100. Geburtstag

Frieda Mader feiert den 100. Geburtstag – und ist noch fit

Party mit Krönchen: Frieda Mader feiert am heutigen Freitag, 6. September, ihren 100. Geburtstag.

Party mit Krönchen: Frieda Mader feiert am heutigen Freitag, 6. September, ihren 100. Geburtstag.

Foto: STEFAN AREND / FUNKE Foto Services

Duisburg-Mündelheim.  Noch immer lebt die Mündelheimerin in ihrer eigenen Wohnung – im dritten Stock. Emporzulaufen ist Mader als begeisterte Bergwanderin gewohnt.

Frieda Mader zählt nun zum Kreise der Hundertjährigen in Duisburg. Am Freitag feiert sie ihren Ehrentag groß im Tagespflegeheim in Mündelheim mit Freunden und Familie. Zu ihrem 100. Geburtstag bekommt sie viele Blumen und „einen Fresskorb“ wie sie sagt. „Was soll man mir auch mit 100 noch groß schenken? Ich hab doch alles!“

Ursprünglich kommt Frieda Mader aus Gottesberg im ehemaligen Schlesien. 1950 zog sie zu Verwandten nach Duisburg und begann in einer Eisenfabrik zu arbeiten. Wenig später hat sie hier ihren Mann kennen gelernt und ist geblieben. Seit dessen Tod 1985 lebt die Jubilarin alleine in ihrer Wohnung – in der dritten Etage, ohne Aufzug. „Das ist immer ein Frust“, sagt sie, aber so lange es geht, will sie dort wohnen bleiben. „Die Treppen sind dann mein Training.“

Bergwandern und Radfahren

Überhaupt war Mader ihr Leben lang sehr sportlich. Zeitweise sei sie 30 Kilometer mit dem Fahrrad zur Arbeit gefahren. Ihr großes Hobby war aber das Bergwandern. In den Urlaub ging es dann nach Österreich oder die Schweiz. Und dann musste sie auch immer bis auf die Bergspitze hinauf: „Auf dem Gipfel gab es immer ein Buch, wo man sich eintragen konnte.“ Das war ihr Ansporn. Wenn ihre Begleiter nicht mehr weiter wollten, ist Frieda Mader alleine rauf.

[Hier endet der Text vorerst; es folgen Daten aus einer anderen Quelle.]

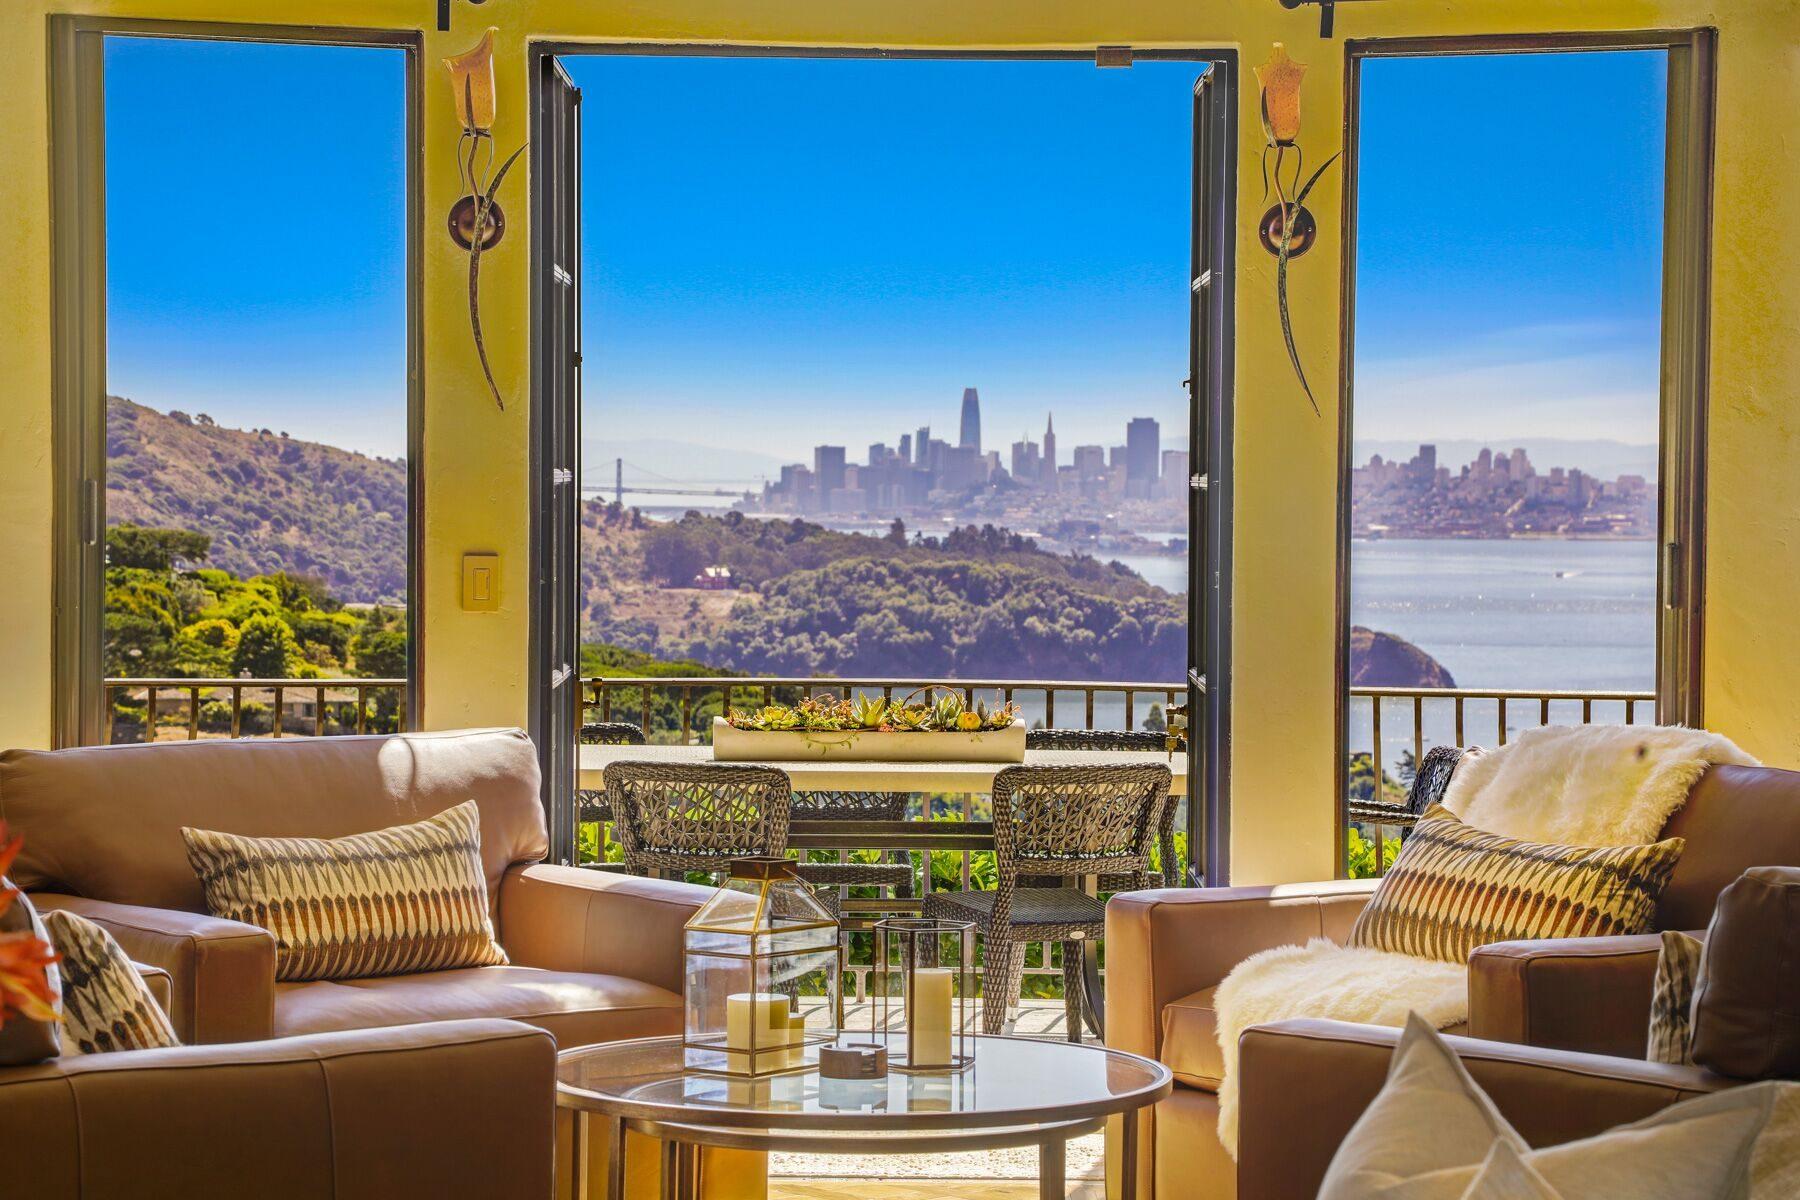 window view of San Francisco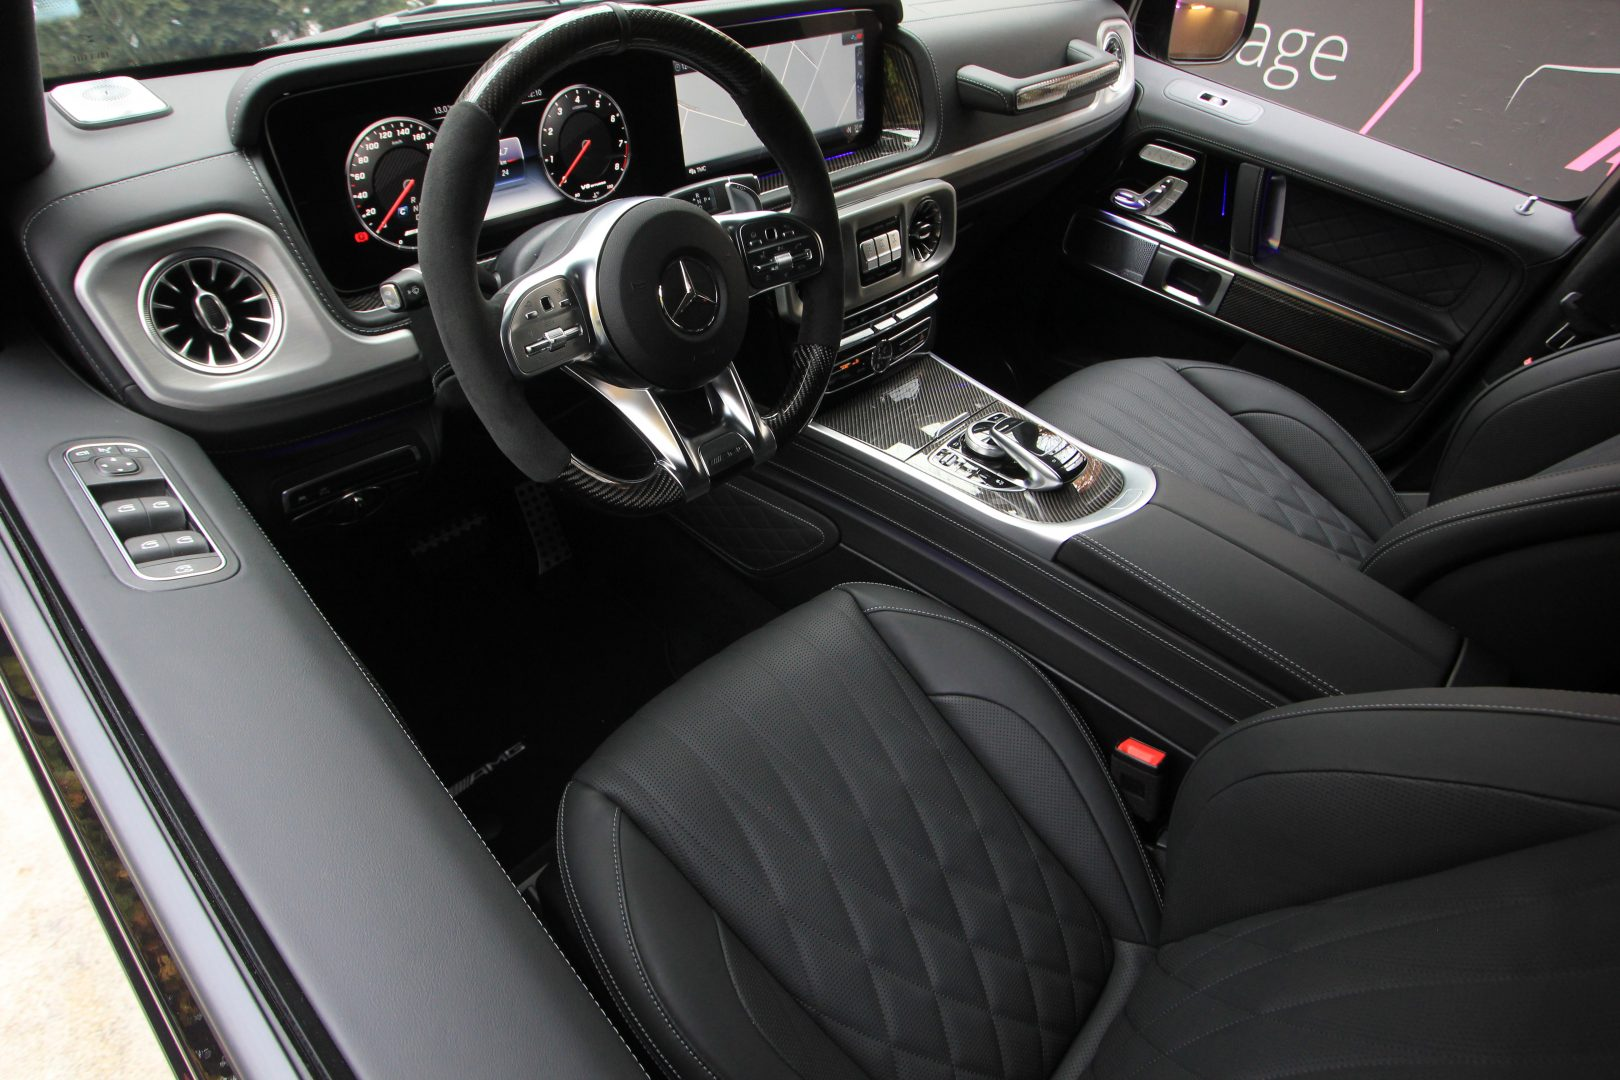 AIL Mercedes-Benz G 63 AMG Carbon Paket Burmester 4

Auch jetzt ist die Jubilarin noch sehr fit. Während ihrer Feier unterhält sich Mader angeregt über die Landtagswahlen in Ostdeutschland: „Es ist schade, dass die SPD abgefallen ist“, bedauert sie. „Wenn ich jünger wäre, würde mich das noch viel mehr interessieren, weil ich dann ja noch viel länger damit leben müsste.“

Auch darüber, dass Bürgermeister Sören Link nicht persönlich gratuliert, ist sie etwas enttäuscht. „Ich habe extra geübt, ihn zu begrüßen und zu winken“, sagt sie. Für ein Foto soll Frieda Mader dann doch noch einmal winken. „Die machen mich hier zum Otto“, sagt sie lachend und winkt gut gelaunt in die Kamera.